True, very true, thats why I say its better to bucket it all and throw in some Windshield Washer Fluid or alcohol.


----------



## The Natural Landscape (Sep 27, 2011)

We don't have sand, but we always have treated salt; we are in worcester off rt 20


----------



## AGW (Dec 8, 2011)

Where on rte 20?


----------



## R&R Yard Design (Dec 6, 2004)

Why use a product that is bad for everything. Why not use a treated salt that will work much better then any sand. Even if they want it for traction, are they going to be happy with the clean up of the lots and the sewers, also if the town or city knows that you use sand the city might make you pay to have the sewers vaced out.


----------



## AGW (Dec 8, 2011)

Where do I get it?


----------



## R&R Yard Design (Dec 6, 2004)

Get what. You can treat your salt for under 8 bucks a ton with what we use.


----------



## AGW (Dec 8, 2011)

I have my bins all done but sometimes I need and extra yard so instead of going back to shop is there any who has it near mill bury st in auburn?


----------



## pats plowing (Nov 27, 2001)

theres worcester county yardwaste on southbridge by hammond st directly across from gallo's salt pile. he has salt sand mix available. or theres worcester sand and gravel in shrewsbury. kage is by the millbury worc line by sunderland road off of rt20. couple other spots ill add later.


----------



## AGW (Dec 8, 2011)

Thank you.


----------



## R&R Yard Design (Dec 6, 2004)

Get what. You can treat your salt for under 8 bucks a ton with what we use.


----------



## sectlandscaping (Sep 7, 2009)

R&R Yard Design;1391537 said:


> Get what. You can treat your salt for under 8 bucks a ton with what we use.


what do you use?


----------



## The Natural Landscape (Sep 27, 2011)

AGW;1391392 said:


> Where on rte 20?


You would turn off rt. 20 onto Westborough Street by Chuck-E-Cheese.
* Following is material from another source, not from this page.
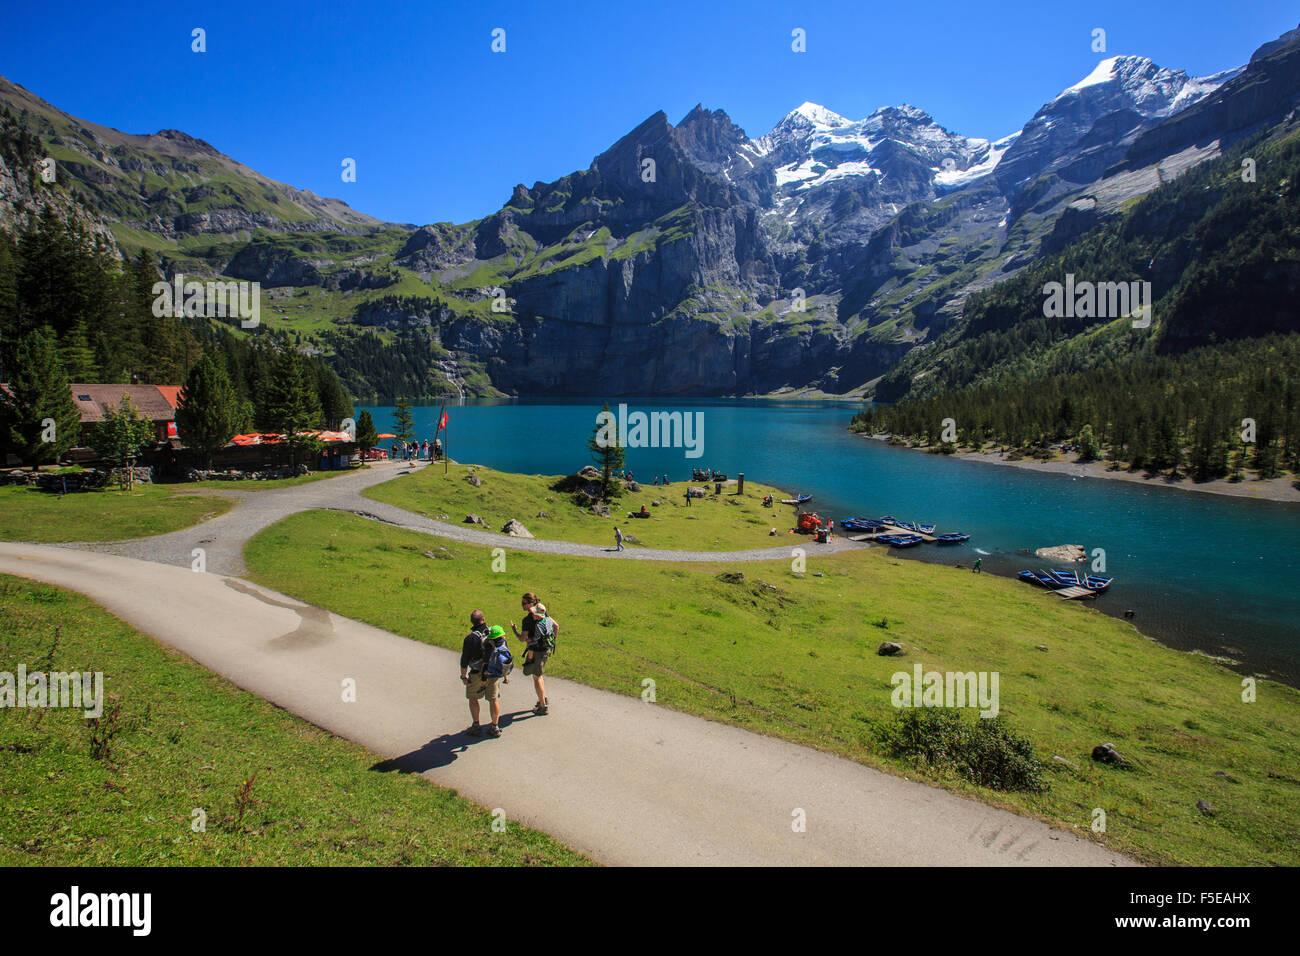 Hikers around Lake Oeschinensee, Bernese Oberland, Kandersteg, Canton of Bern, Switzerland, Europe - Stock Image
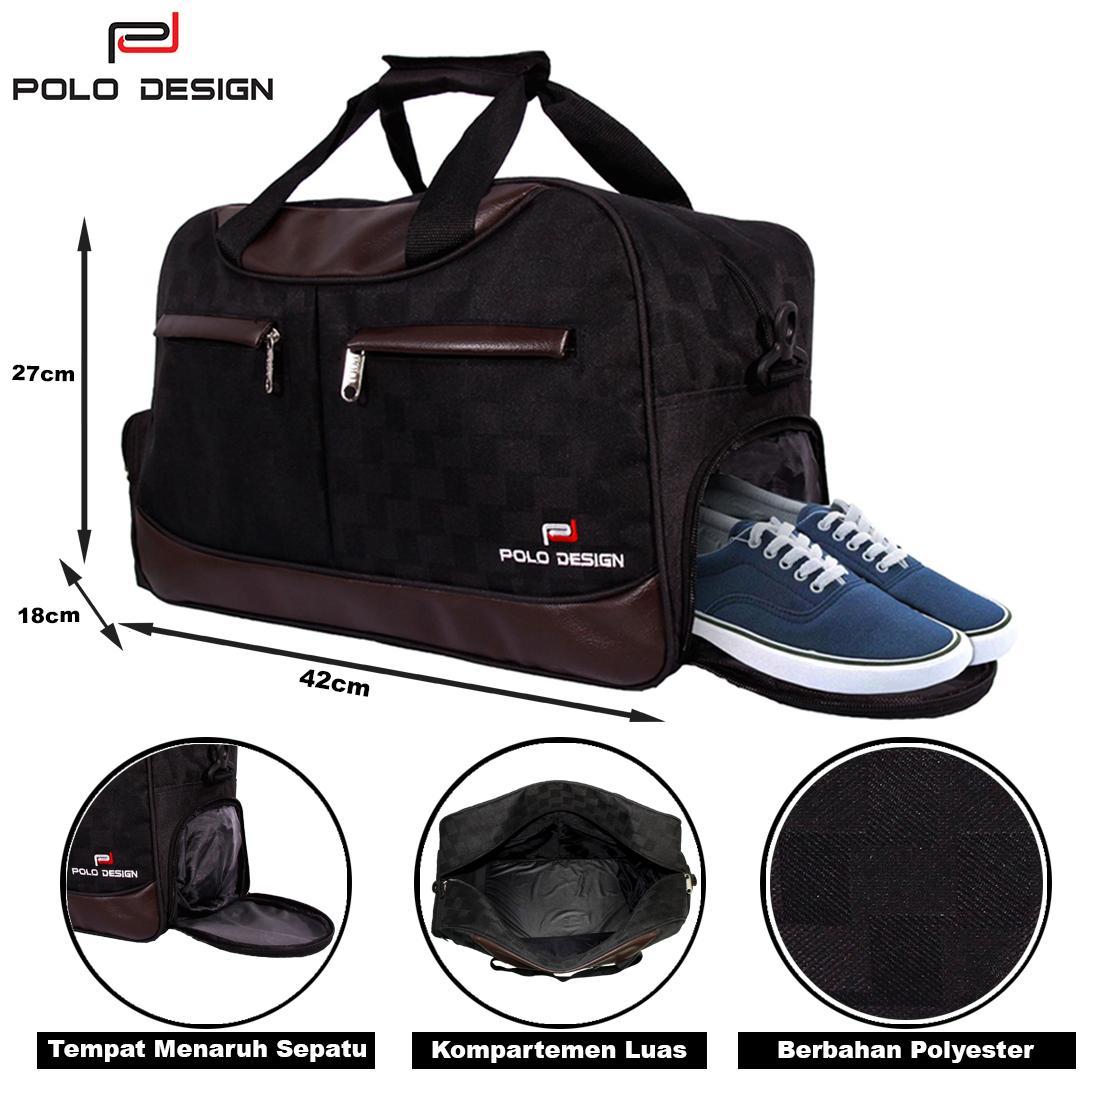 Tas Sepatu Sandal Olahraga Wisata Futsal / Monopoly Shoes Pouch Ver 3 . Source · Polo

The address is Technically 109 Creeper Hill Road in North Grafton (part of our yard is in Worcester). We have a scale and try to keep 750 tons stocked. You can call 774-244-0106 or email [email protected] for more info.


----------



## SnowPro93 (Oct 25, 2006)

pats plowing;1391532 said:


> theres worcester county yardwaste on southbridge by hammond st directly across from gallo's salt pile. he has salt sand mix available. or theres worcester sand and gravel in shrewsbury. kage is by the millbury worc line by sunderland road off of rt20. couple other spots ill add later.


I'm actually related to Paul at Worcester County. He has a two yard minimum so beware if you have a smaller sander. I buy all my bulk from Bond Sand & Gravel in Spencer on Rt.31.


----------



## R&R Yard Design (Dec 6, 2004)

Pm me and I will give you my cell I don't like to tell what I use on the net.


----------